- _Required action_
With both ends included, repeat exactly the lines of the entries below from the one containing "NETGEAR WPN111 user" down to the one containing "Indien, Goa, Coco", and no others.

- _Exercise material_
******************************

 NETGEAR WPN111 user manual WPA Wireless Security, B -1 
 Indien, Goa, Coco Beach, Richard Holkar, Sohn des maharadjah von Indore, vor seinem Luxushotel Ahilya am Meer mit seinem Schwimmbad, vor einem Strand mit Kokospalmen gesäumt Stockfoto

******************************

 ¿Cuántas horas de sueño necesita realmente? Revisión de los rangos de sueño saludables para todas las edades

******************************

- _Result of the exercise_
 NETGEAR WPN111 user manual WPA Wireless Security, B -1 
 Indien, Goa, Coco Beach, Richard Holkar, Sohn des maharadjah von Indore, vor seinem Luxushotel Ahilya am Meer mit seinem Schwimmbad, vor einem Strand mit Kokospalmen gesäumt Stockfoto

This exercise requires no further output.